Friday, April 26, 2024

070214i CHACambridge Health Alliance expects to make big improvements in efficiency and patient volume in the coming year, with equally big changes in the way it treats patients, particularly those seeking psychiatric help. But the financially struggling health care system still expects to lose $19.8 million.

That’s a lot better than this year, when the Alliance lost an estimated $28 million. On the other hand, at this time last year, Alliance officials predicted the system would lose much less, and turned out to be wrong, mainly because there were many fewer patients than expected.

The Alliance, which serves more poor and uninsured people than any other hospital system in the state except Boston Medical Center, has been losing money on health care operations since at least 2009. Since it was forced to sell its successful Medicaid managed care insurer in November 2011 because it couldn’t meet reserve requirements, the health care system hasn’t had revenues to offset the losses.

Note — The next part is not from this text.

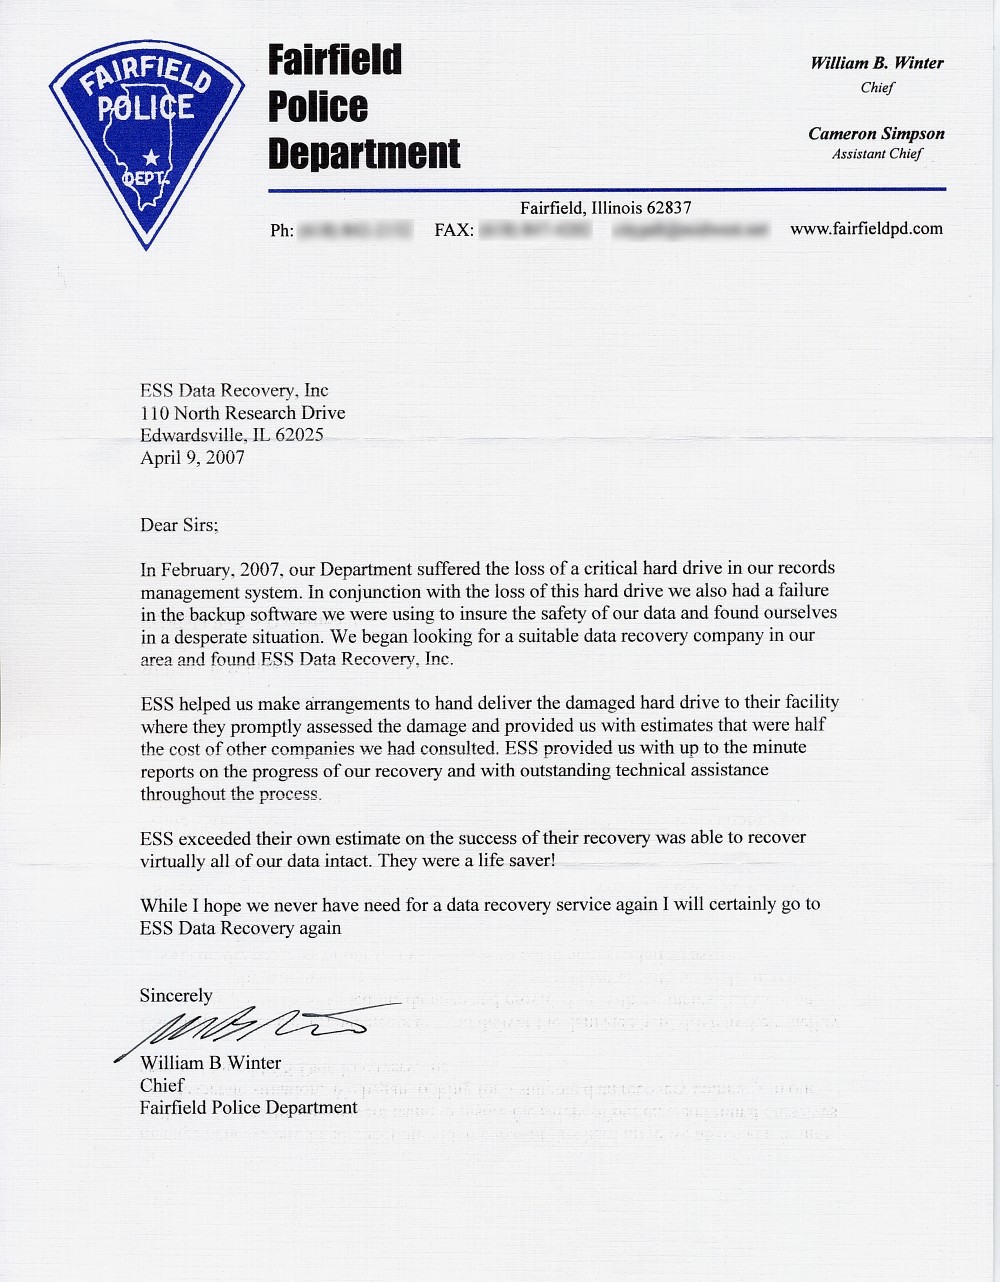 Fairfield Police Department testimonial

The proposed budget for fiscal year 2015, which runs from now until next June 30, represents what Alliance officials and trustees hope is a turnaround. To achieve it, the system is spending money to open and staff new clinics and services. At the same time, some areas, such as outpatient mental health, are expecting to treat many more patients without adding providers.

“Hopefully we will have 22,000 more visits [to outpatient psychiatry] with the same number of clinicians,” Chief Executive Patrick Wardell told members of the board of trustees’ finance committee June 10.  The budget assumes that total patient volume will increase 8 percent, with less than 1 percent more staff.

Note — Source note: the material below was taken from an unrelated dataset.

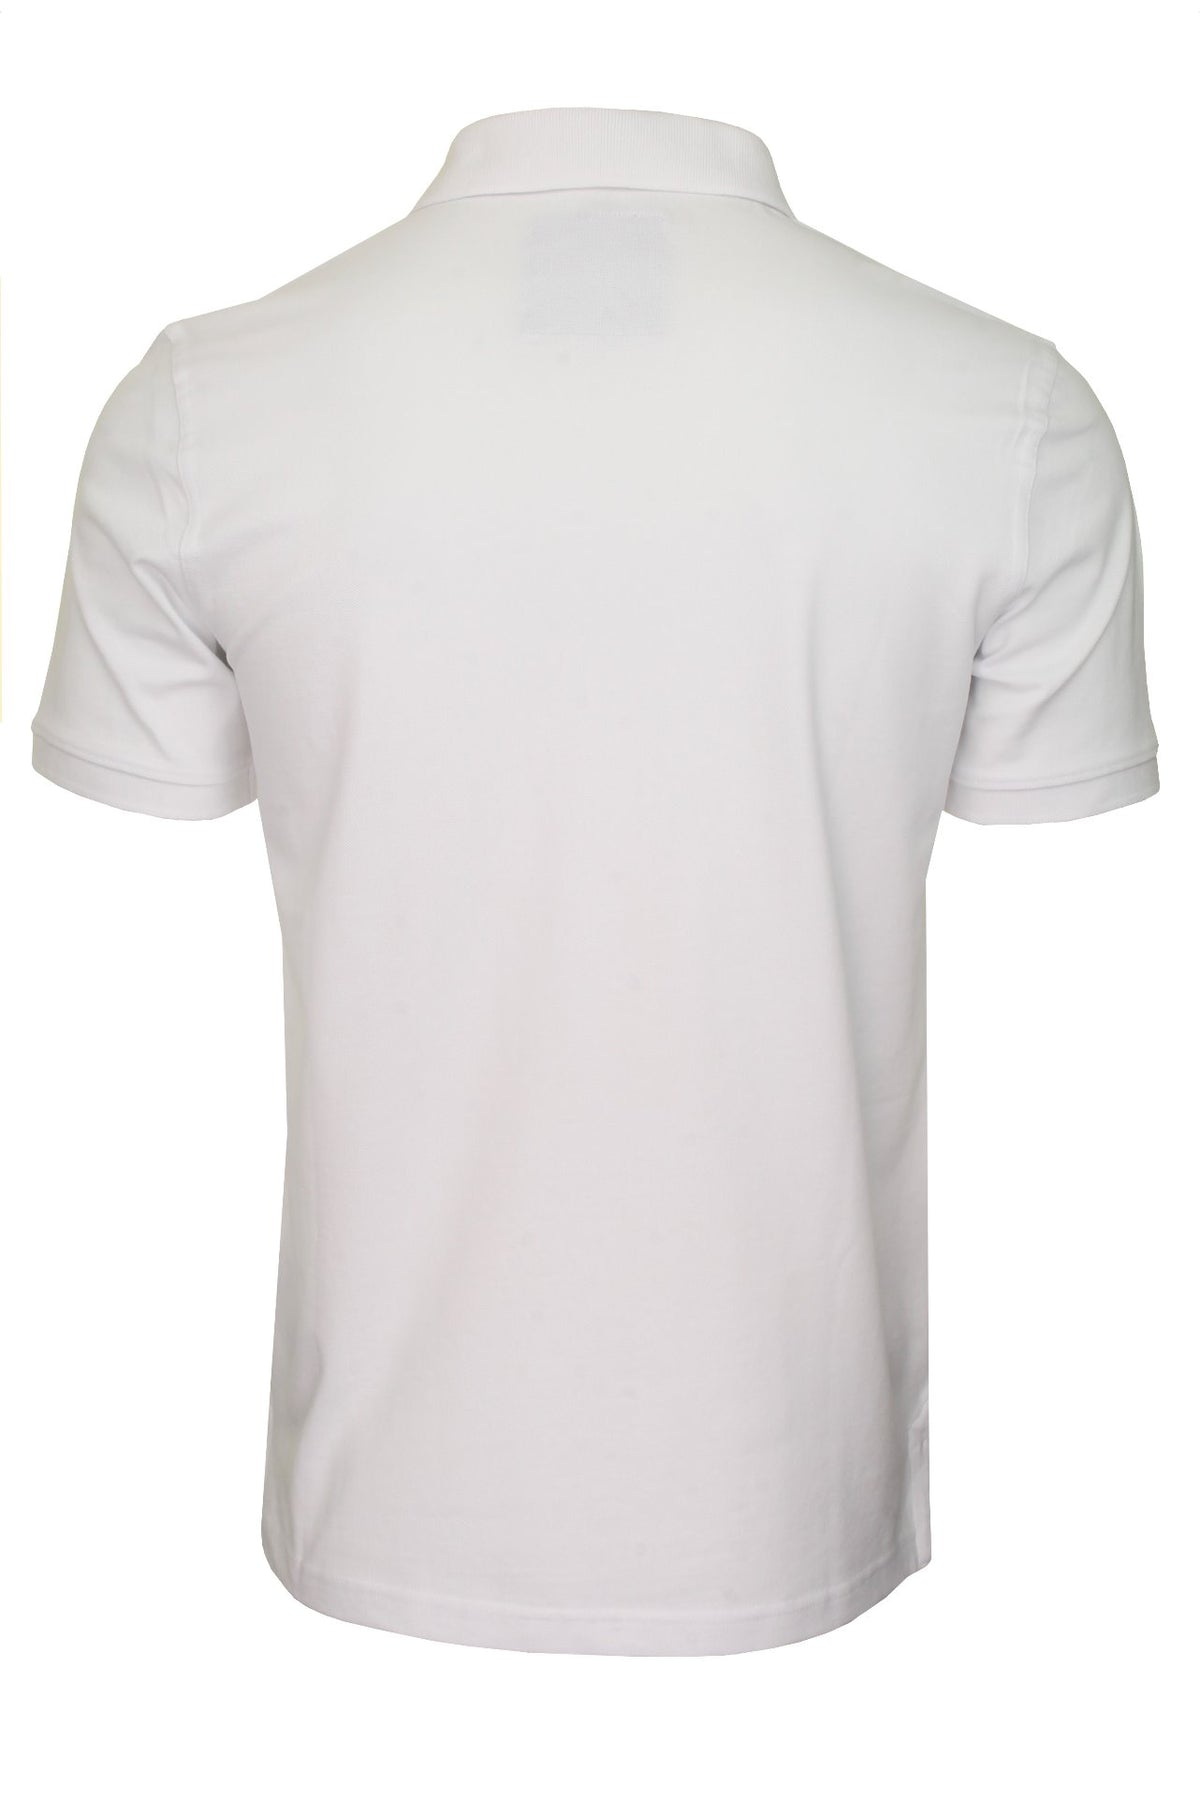 Crew Clothing Mens Pique Polo Shirt 'Classic Pique Polo' - Short Sleeved, 03, Mke002, Optic White

Despite questions about whether the predicted volume increases will materialize, the committee voted unanimously to recommend adoption of the budget.  Members of the full board will vote on the proposal this month.

Additions

The budget calls for opening primary care offices in Everett, Revere and Malden and an additional site in Malden for the Elder Service Plan program serving frail seniors, based in Cambridge. Officials said there is unmet demand for primary care and the senior care program in that area. The Alliance includes the former Cambridge City Hospital, Somerville Hospital, Whidden Memorial Hospital in Everett and 15 primary care offices.

In another expansion, the Alliance plans to hire two part-time dermatologists. The positions were in last year’s budget but not filled, so Alliance patients who needed skin treatment had to go to outside specialists.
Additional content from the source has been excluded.